В ходе мятежа Чехословацкого корпуса Советская власть в Уфе стремительно пала: местные власти бежали из города в течение одной июльской ночи. Оставаться в Уфе молодому человеку было опасно — некоторые циркуляры советского наркомата юстиции были подписаны Итиным и стали «известны в городе, а один офицер-меньшевик сделал мне предупреждение». Итин позднее прямо отвечал, что тогда, когда «события мчались», потерял надежду на победу революции, прибавляя: «В то время, конечно, в победе сомневались и коммунисты». Вот его правдивая оценка своего окружения и себя лично:
«Вся интеллигенция, к которой я принадлежал, с людьми вроде [И.М.] Майского (теперь видный коммунист, как известно) организовывала борьбу против большевиков. Я не был коммунистом. Я еще был „сочувствующий“. Ни рыба, ни мясо. Поэтому я ухватился за [американскую] миссию, как за возможность побыть в стороне от событий. Кроме того, не скрою, меня привлекала самая эта экзотика: американцы… переводчик. Каждый интеллигент приходит к коммунизму совсем другим путем, чем рабочий, повинующийся простому классовому зову, отметил т. Ленин.
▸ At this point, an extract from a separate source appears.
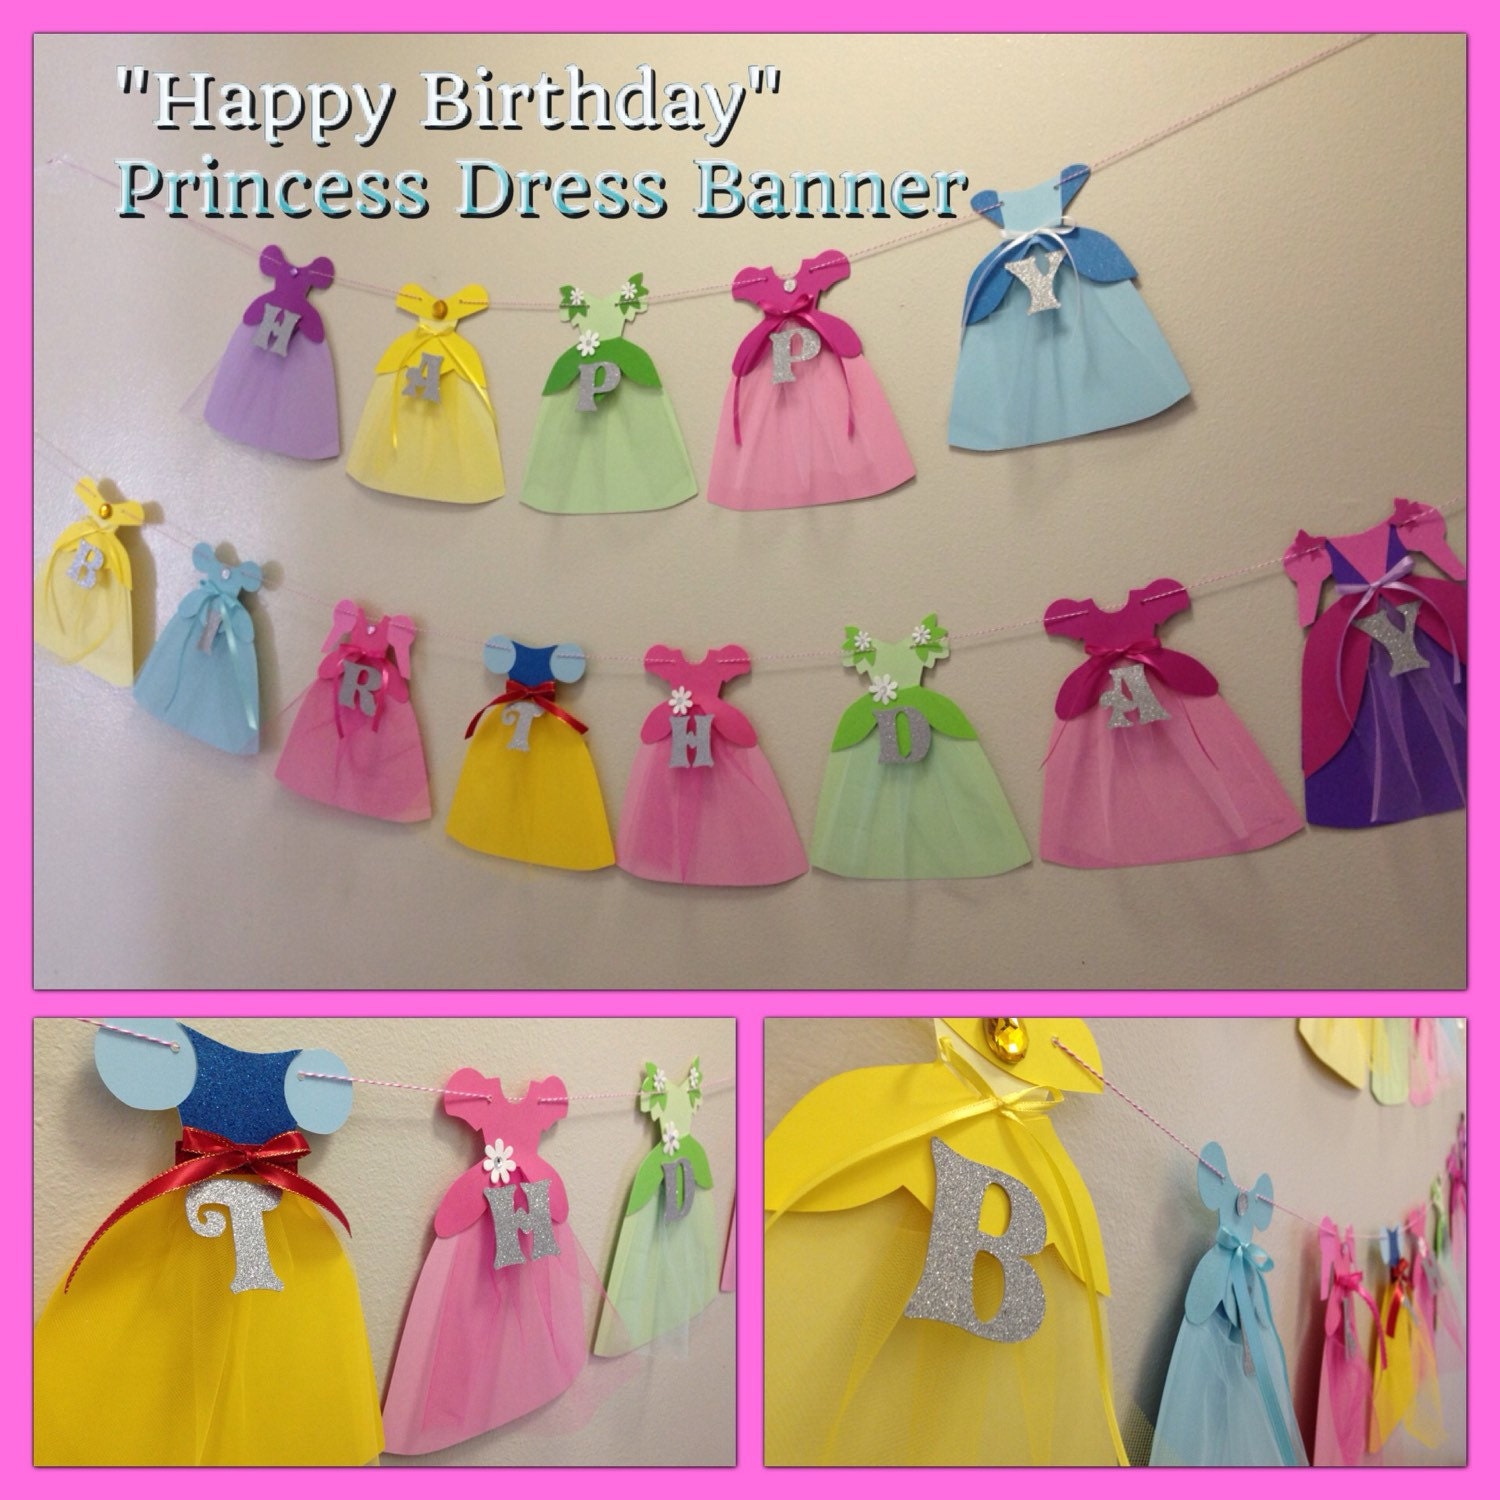 Download HAPPY BIRTHDAY Princess Dress Banner by Hdoodle on Etsy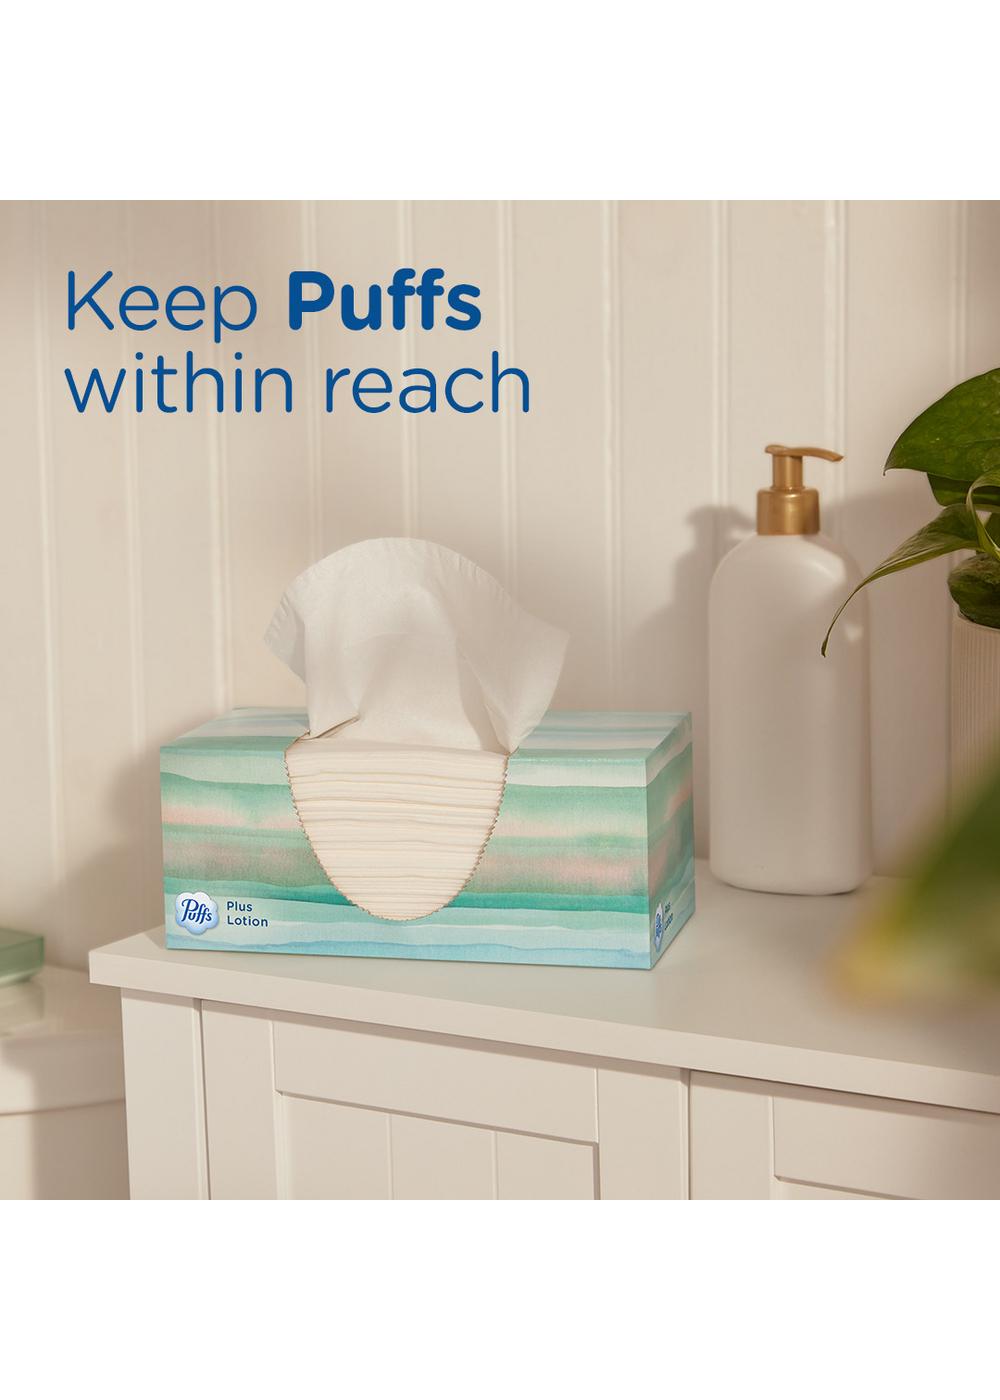 Puffs Plus Lotion Facial Tissues; image 3 of 5

Мне пришлось проделать этот неизбежный путь» [5].
Формируя свои войска, Комуч провёл мобилизацию, и Итина «записали на довольствие» в русско-чешский полк, где он «три месяца был рядовым телеграфистом». По оценке Итина, «полк представлял собой смесь из люмпен-пролетариата и эсеровско-меньшевистской интеллигенции». Командный состав в нём был чешским, чинов и знаков отличий не было, так что, по оценке писателя, полк являлся не столько регулярной частью, сколько «гвардией Комуча». После революции в Германии и переворота А.В. Колчака полк распался, и его начальство «выдало мне удостоверение о прикомандировании к американской миссии Красного креста — не вполне законное». Случай работы переводчиком у американцев показался Итину, знавшему английский, «крайне подходящим». Этот документ позволил убедить американцев, что молодой человек — не дезертир, а от явки по мобилизации в белую Сибирскую армию его избавило постоянное проживание в железнодорожном вагоне и отсутствие прописки.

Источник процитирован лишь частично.